1. Gradient descent, distance to a solution
2. Gradient descent, function value accuracy
3. Function values: numerical proof simplification
4. Using SymPy for the distance analysis
5. Using SymPy for the function value accuracy analysis
6. Using symbolic regression (PySR)

1. Gradient descent, distance to a solution 

We start by a direct attempt: fix class parameters \(L,\mu\) (chosen above) and experiment with different step size values \(\gamma\). Verify that the obtained convergence rate is indeed smaller than one only when \(\gamma\in\left(0,\frac{2}{L}\right)\). Further verify that it matches the very well-known \(\max\{(1-\gamma L)^2,(1-\gamma\mu)^2\}\).

def wc_gradient_descent_distance(mu,L,gamma, verbose):
    # Instantiate PEP
    problem = PEP()

    # Declare a smooth convex function
    f = problem.declare_function(SmoothStronglyConvexFunction, L=L, mu=mu)
    
    # Start by defining its unique optimal point xs = x_* and corresponding function value fs = f_*
    xs = f.stationary_point()
    fs = f(xs)
    
    # Then define the starting point x0 of the algorithm
    x0 = problem.set_initial_point()
    
    # Set the initial constraint that is the distance between x0 and x^*
    problem.set_initial_condition((x0 - xs) ** 2 <= 1)
    
    # Run n steps of the GD method
    x1 = x0 - gamma * f.gradient(x0)
    
    # Set the performance metric to the function values accuracy
    problem.set_performance_metric( (x1 - xs) ** 2 )
    
    # Solve the PEP
    pepit_verbose = max(verbose, 0)
    pepit_tau = problem.solve(verbose=pepit_verbose)
    
    return pepit_tau, problem._list_of_prepared_constraints # outputs optimal value and list of constraints (with their associated dual variables)

The following pieces of code compute and plot the numerical worst-case guarantees as a function of the tested step size value \(\gamma\), for fixed \(\mu,L\).

verbose = 0

gamma_min, gamma_max = -1, 3
nb_gammas = 50
gamma_list = np.linspace(gamma_min,gamma_max,nb_gammas)

pepit_worst_case_value = list()
known_worst_case_value = list()

for gamma in gamma_list:
    pepit_tau, _ = wc_gradient_descent_distance(mu,L,gamma, verbose)
    pepit_worst_case_value.append(pepit_tau)
    known_worst_case_value.append(max((1-gamma*L)**2,(1-gamma*mu)**2))

plt.plot(gamma_list, pepit_worst_case_value, color='red', linestyle='-', linewidth=3, label='PEPit')

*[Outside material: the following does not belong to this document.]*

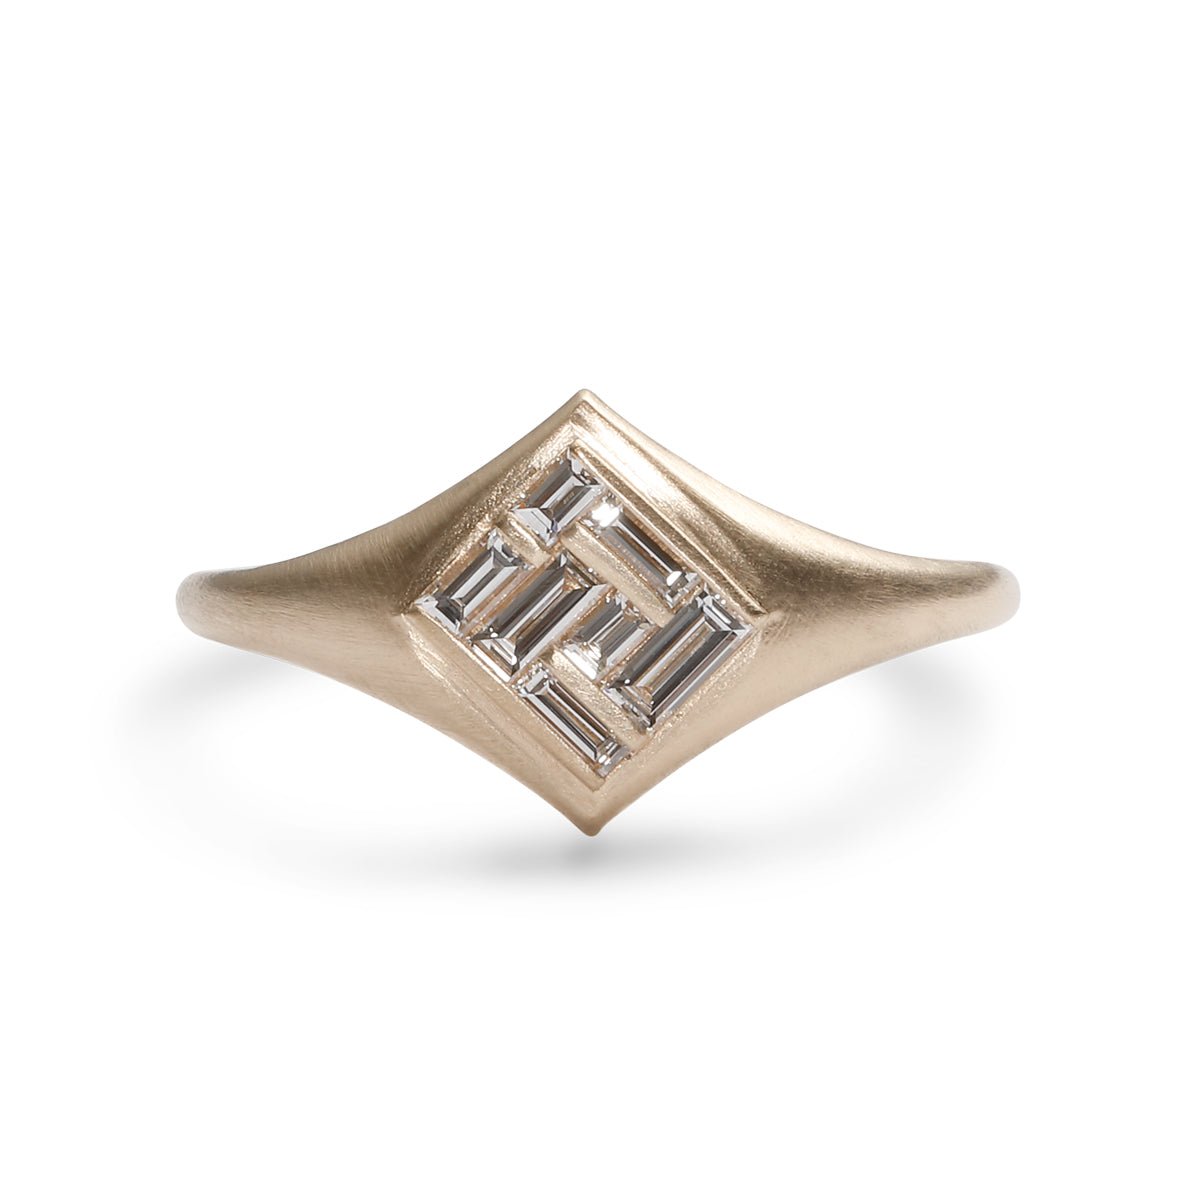 Elicio ring featuring channel-set lab-grown diamonds in a 14K gold band. Designed and handcrafted in Portland, Oregon.

plt.plot(gamma_list, known_worst_case_value, color='blue', linestyle='--', linewidth=2, label='Known')

plt.legend()
plt.xlabel(r'$\gamma$')
plt.ylabel(r'$\frac{\|x_1 - x_\star\|^2}{\|x_0 - x_\star\|^2}$')

plt.show()

../_images/4d7d6f41f3fc2f8ddb739f728592d1f9d08e3643b30e5e028f5c25d0b9053402.png

One can admit that the match between PEPit’s results and the known convergence rate is pretty good. For completeness, let us also extract the dual variables. The next lines examplify how to do this extraction for given values of the parameters, and we integrate it in a loop for plotting below.

verbose = 0
gamma = 1/L

pepit_tau, list_of_constraints = wc_gradient_descent_distance(mu,L,gamma, verbose)

nb_cons = len(list_of_constraints)

for i in range(nb_cons):
    print('Constraint \"{}\" value: {}'.format(list_of_constraints[i].get_name(),
                                               list_of_constraints[i]._dual_variable_value))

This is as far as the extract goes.